6. Empirical Benchmarks
DeepFilterNet demonstrates strong performance on established test sets:
| Metric | DeepFilterNet3 | DeepFilterNet2 | RNNoise / PercepNet (typical) |
|---|---|---|---|
| WB-PESQ | 3.17 | 3.08 | 2.8–3.0 |
| CSIG (Signal Quality) | 4.34 | 4.30 | — |
| CBAK (Background Quality) | 3.61 | 3.40 | — |
| COVL (Overall Quality) | 3.77 | 3.70 | — |
| STOI (Intelligibility) | 0.944 | 0.943 | — |
These results on VCTK/DEMAND test sets show DeepFilterNet outperforming or matching prior real-time models, while maintaining minimal compute and latency (Schröter et al., 2023).
7. Open-Source Distribution and Deployment
- Implementation: The full pipeline is written in Rust, targeting the tract inference engine, with ready-to-use Python and Rust inference scripts.
- Repository: Source code and pretrained weights for DeepFilterNet3 are available under a permissive open-source license at https://github.com/Rikorose/DeepFilterNet.

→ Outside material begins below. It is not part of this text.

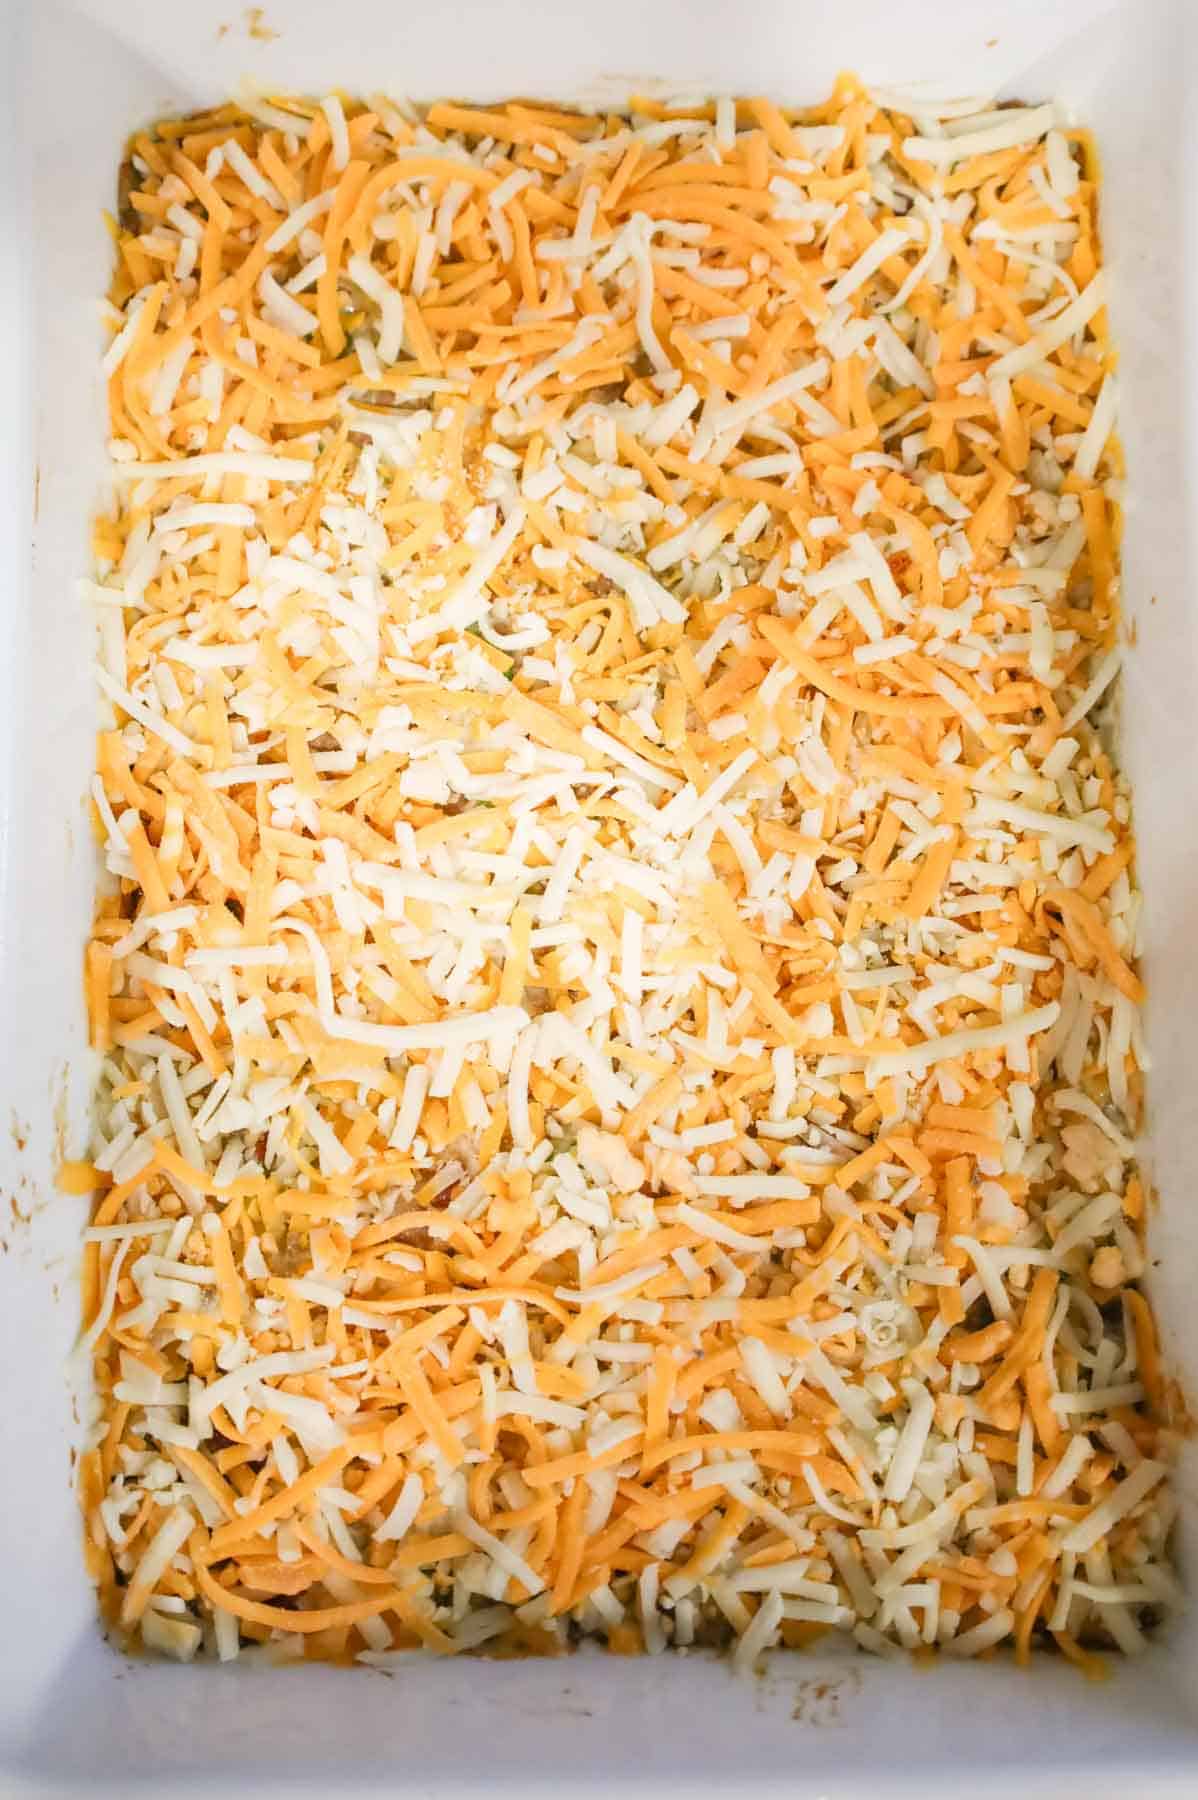 shredded cheese on top of ground beef and rice mixture in a baking dish

- Deployment: Includes a live Rust+LADSPA plugin for microphone noise suppression, comprehensive training instructions, and evaluation tools for all major speech enhancement metrics.
By integrating psychoacoustic filterbanks with multi-frame complex filtering, DeepFilterNet provides an efficient reference for full-band speech enhancement tasks in embedded, hearing-aid, and live communications settings.